0

Hey guys so I know there is a lot out there on simulations but I havent found exactly what I need. I have a vector of views data. Which is the number of views on a video in millions.

totalBeforeViews = (c( 1.19,2.29,2.05,1.96,2.07,1.77,1.50,1.77,4.49,9.76,6.55,5.17,6.56,10.31))

I want to do say a 1000 replicated simulations of this data. So I am looking for some sort of function that would do the simulations randomly but trained in a way by the vector above. I was thinking of doing this

sdViewsBefore = sd(totalBeforeViews)
simulatedBeforeViews = rnorm(n = 1000, mean = totalBeforeViews, sd = sdViewsBefore)
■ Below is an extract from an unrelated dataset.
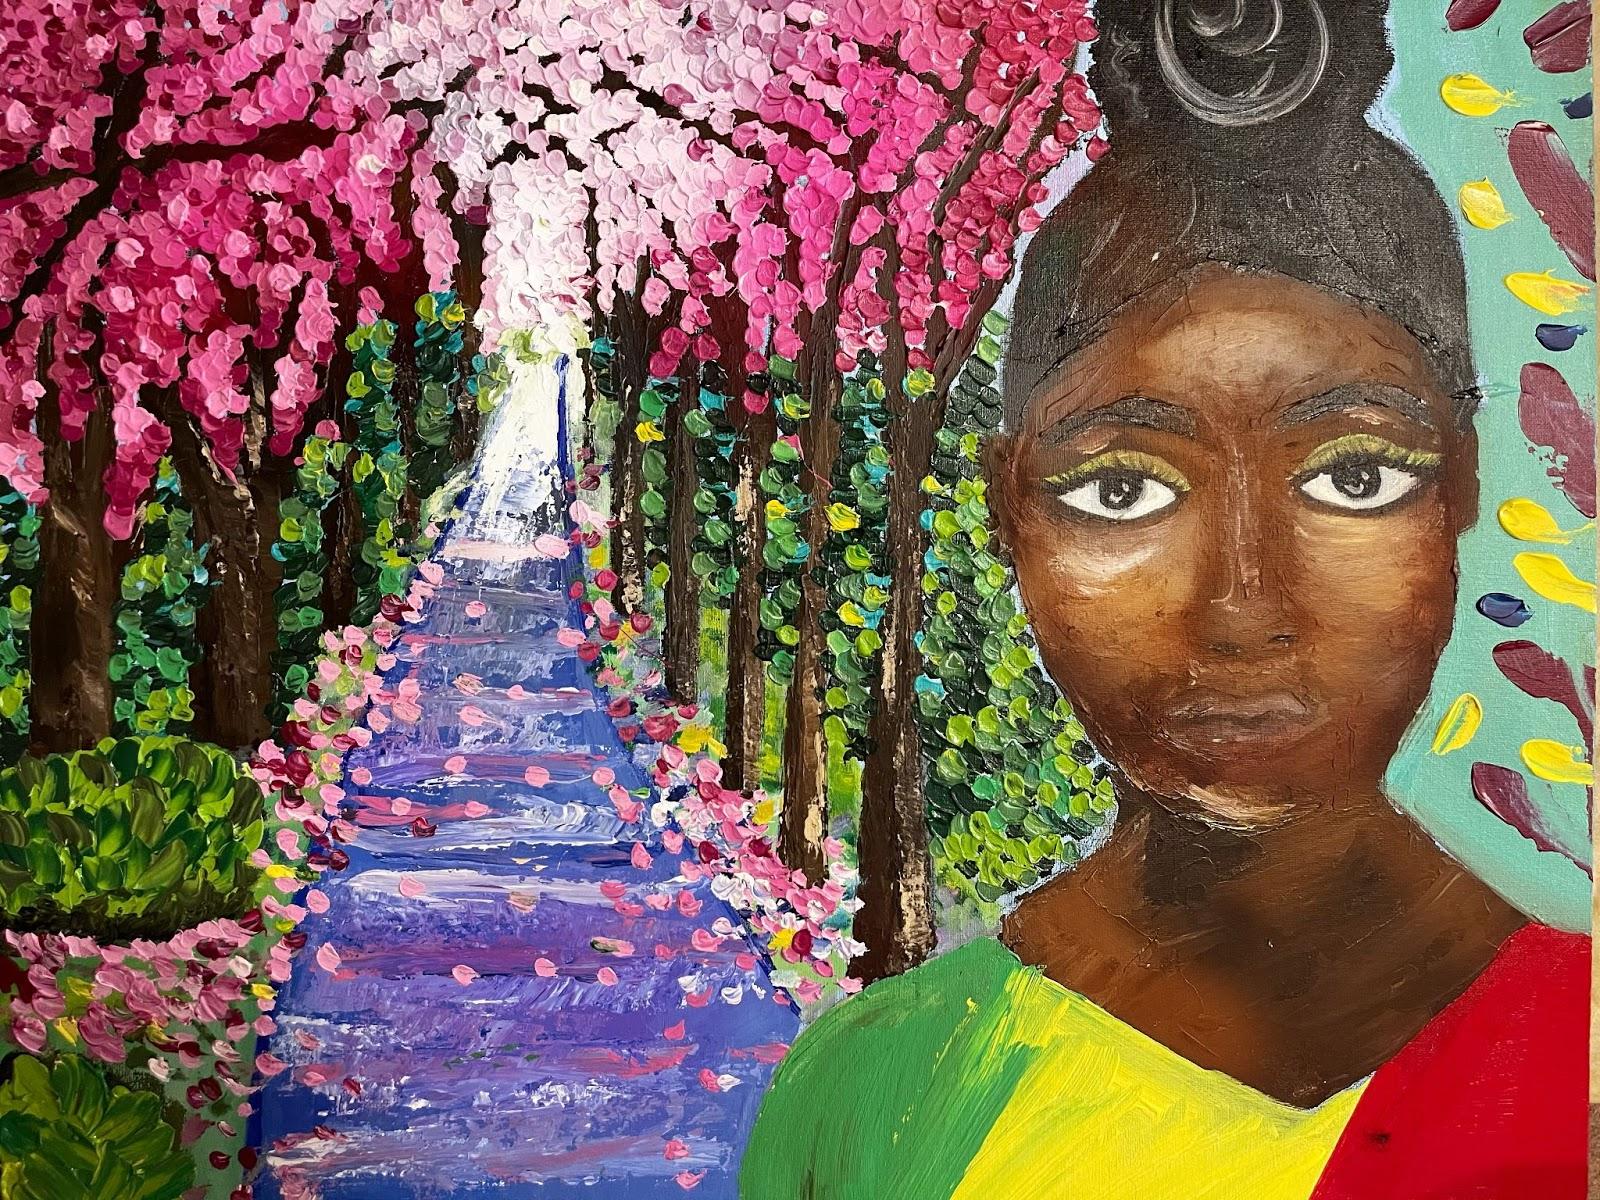 Teshaba Barlow - self portrait

However, this gets me back negative values which I cannot use since there cant be negative views on a video. Also the end goal of this is for me to run a 1000 T-Tests on this verse another set of data I have. Any help is appreciated. Thanks

ColtonMSU
  • 41
  • 6
  • 1
    This gives you negative values because the Normal distribution is not constrained....maybe you should try a Poisson distribution. The 1000 t-tests might sound like a bad idea too... – Matias Andina Apr 07 '19 at 20:38
  • try `sample(1000, totalBeforeViews, replace=TRUE)` – Bensstats Apr 07 '19 at 20:47
  • Hey so had to do sample(1000, totalBeforeViews, replace=TRUE), but it seems to work. Thanks also matias. Can you explain why t-test seem like a bad idea? My thought process was to get these 1000 simulations of the two data sets and then do the t-tests on them and see how many times the p-value is signifigant. – ColtonMSU Apr 07 '19 at 21:08

1 Answers1

0

May consider truncated normal distribution. I have not tested below yet, but may help:

library(truncnorm)
rtruncnorm(n=1000, a=0, b=Inf, mean=totalBeforeViews, sd=sdViewsBefore)

In this link the author provided a customized truncated normal distribution sampling, you may adjust to your own without installing new packages.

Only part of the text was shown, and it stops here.